Hurricane Updates
Here, where I live in Central Florida, we scarcely felt a breeze as Hurricane Ivan churned through the gulf. Everyone around here held their breath as they waited for Ivan to go by -- afraid he'd make a sudden right turn and clobber Central Florida. Not that we wished anything on the Gulf Coast, it was just that we've been suffering post-traumatic stress.
See, we're not supposed to be clobbered by hurricanes. We're the favored children of Florida. The 'canes that approach the peninsula from the Atlantic usually either come ashore down south of us, or go north and smack Georgia or South Carolina. The ones that go into the Gulf usually hit the northern or western part of the gulf. Even the ones that turn and hit Tampa don't come through with anything like Charley's force.
Having two major storms (Hurricanes Charley and Frances) crisscross our territory in less than a month's time is unheard of, even by the old-timers.
Then came Ivan, with an uncertain forecast. Several models showed him curving in as he moved north through the Gulf of Mexico and clobbering us, a third storm to do so in a month's time.
Dear hearts, it was too much for many to bear.
As I said, we didn't want to wish Ivan off on anyone else -- we just wanted him to go away. Disappear. But he refused the invitation. The people in Alabama and northwestern Florida have my prayers and sincere sympathy, as do all the people who were in Ivan's path as he marched northward, carrying death and his bag of tricks -- floods, twisters and more misery.

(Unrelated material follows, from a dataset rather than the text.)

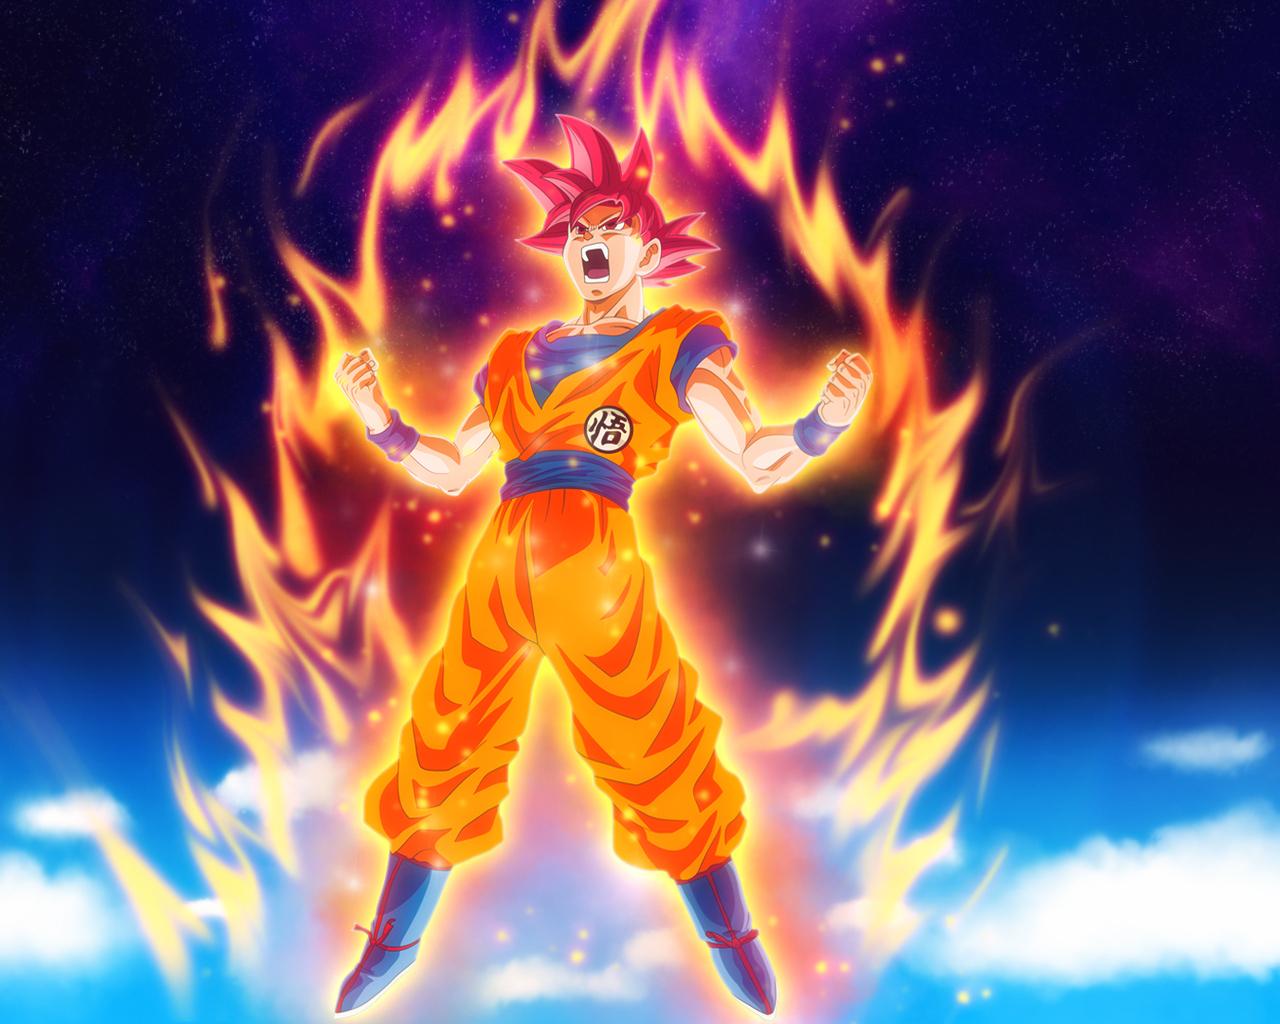 1280x1024 Goku Dragon Ball Super Anime Hd 1280x1024 Resolution Hd
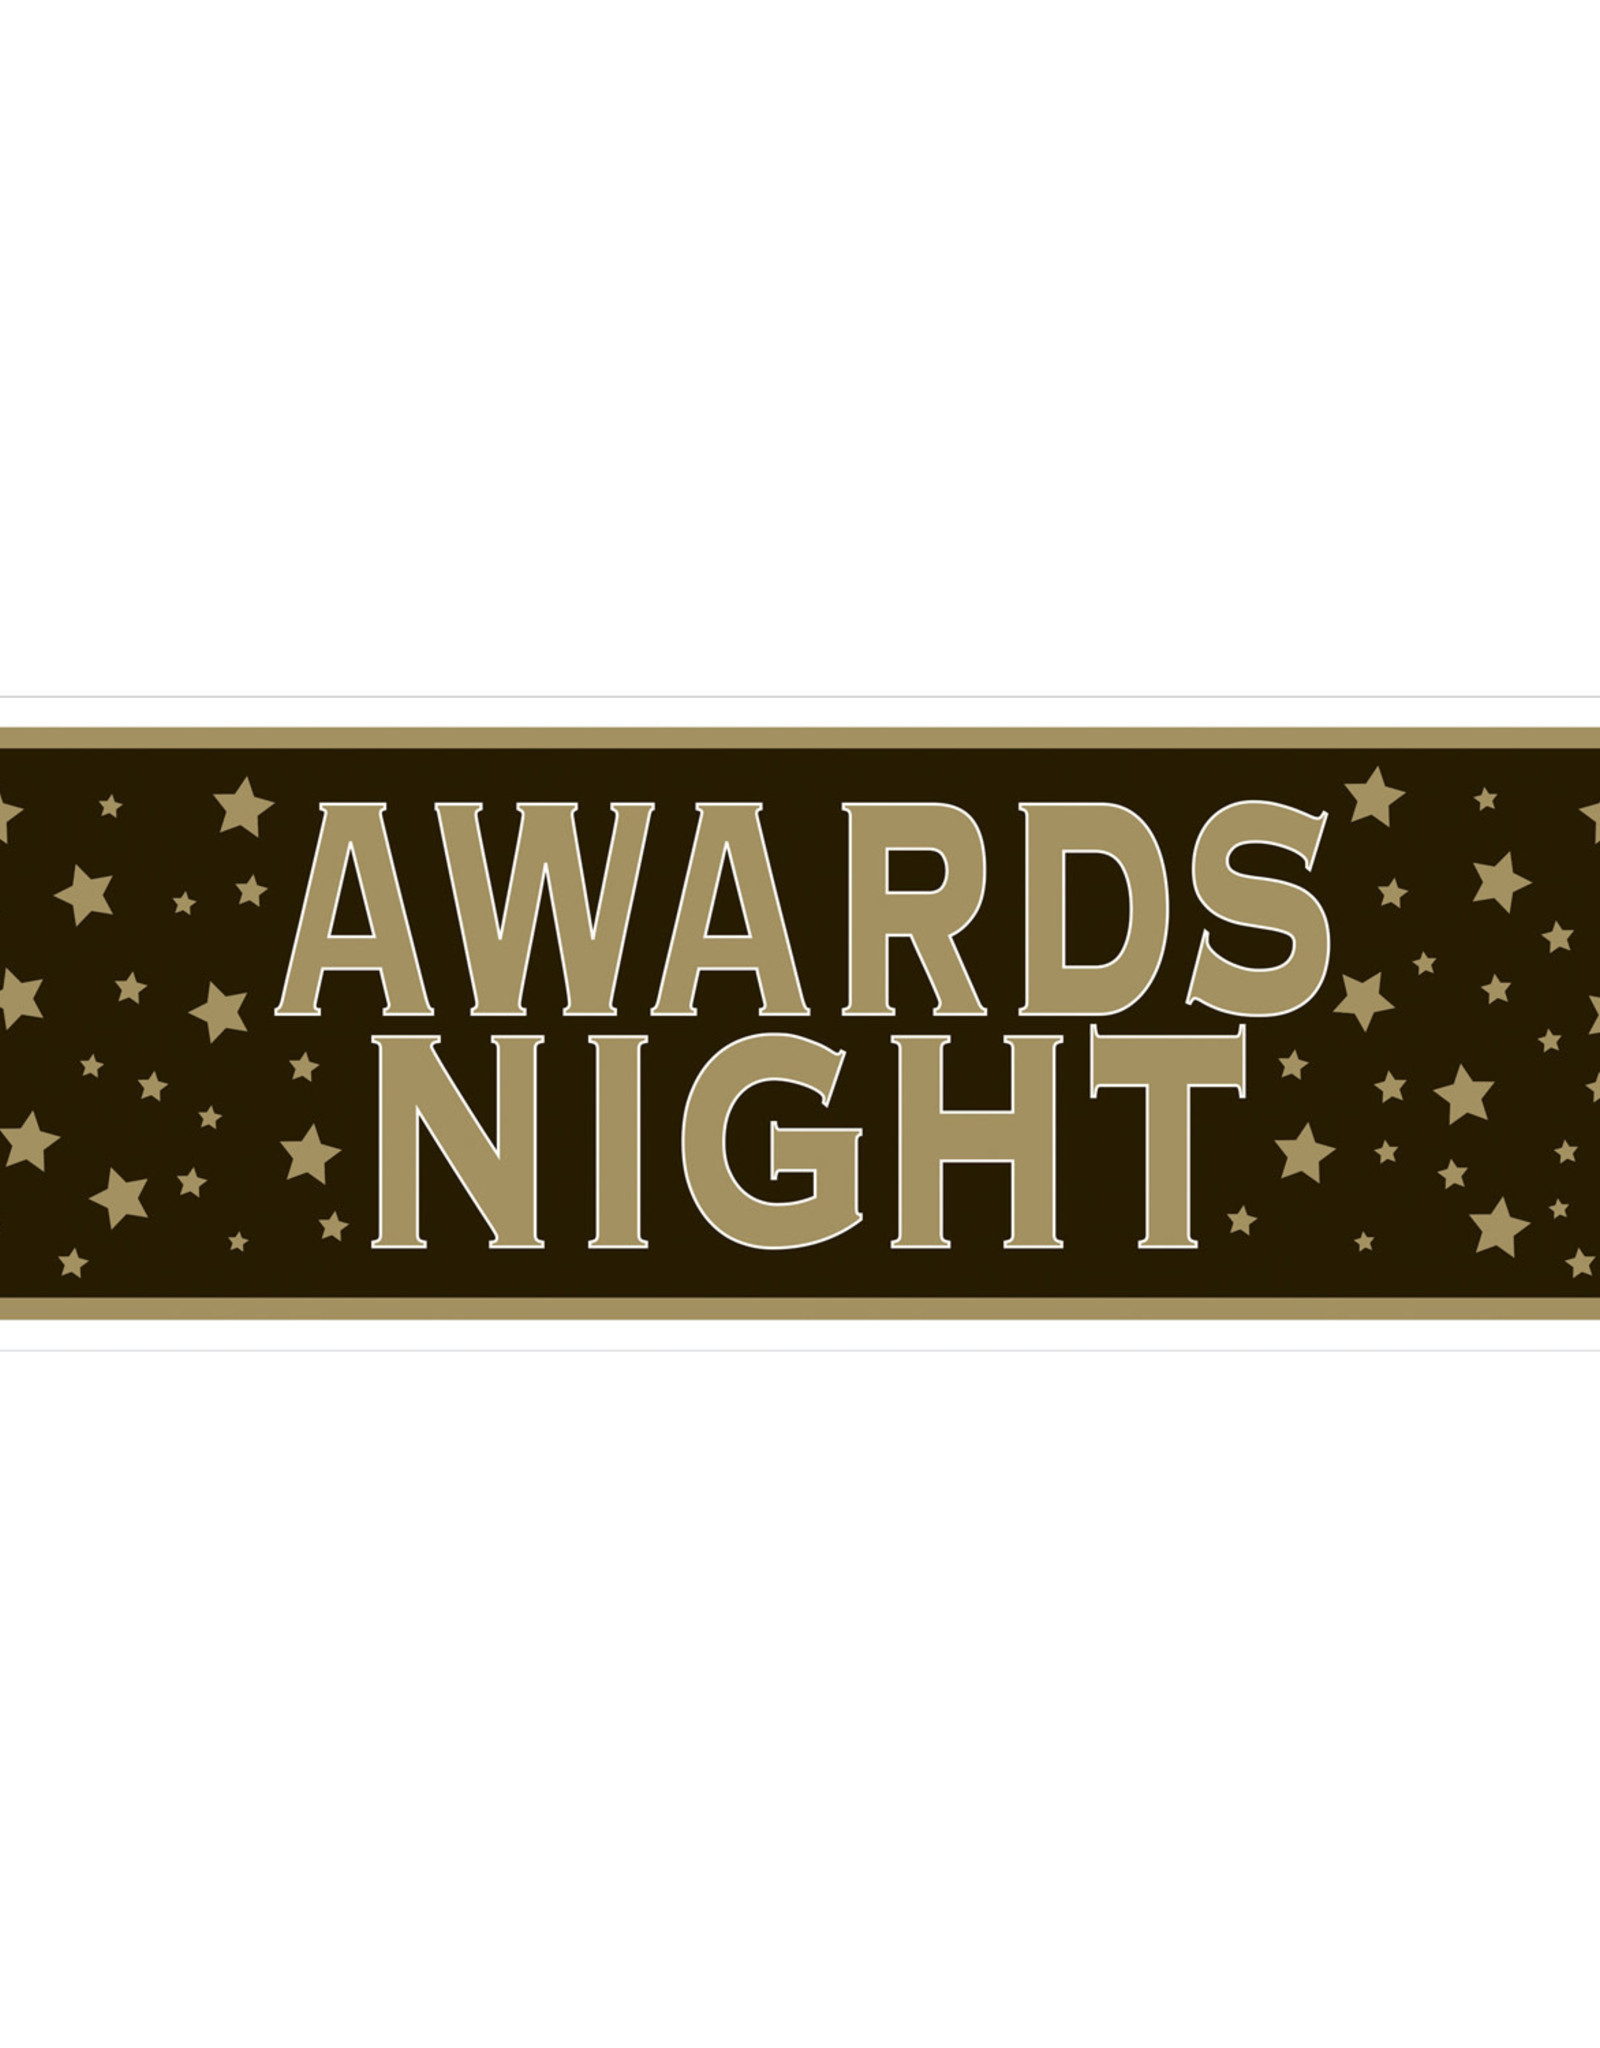 Awards Night Sign Banner

The devastation Frances left is still evident in my neighborhood. It looks like a twister went through -- you can trace a path of destruction across an intersecting road then down the main thoroughfare, chewing up trees, electric poles and power lines. Maybe that's what woke me at 2 a.m. as the hurricane came through, a twister beating on my windows and tossing a neighbor's tree through my privacy fence as it brushed by.
It was a massacre of trees as Frances came through, much worse than Charley. Frances took her time wreaking havoc. Towering old oaks with trunks six feet wide were torn to bits. Out-of-state contractors are swarming all over the county like ants, throwing sawed-up tree trunks and branches into their plywood-sided trailers.
The miracle is, there was no loss of life around here.
Now I'm watching Tropical Storm Jeanne out in the Atlantic. She's craftily circling, like a shark, trying to build her strength back up to hurricane force. The computer models are all over the place, so who knows what direction she'll end up taking.
I'm praying she'll just stay out in the Atlantic and fizzle away.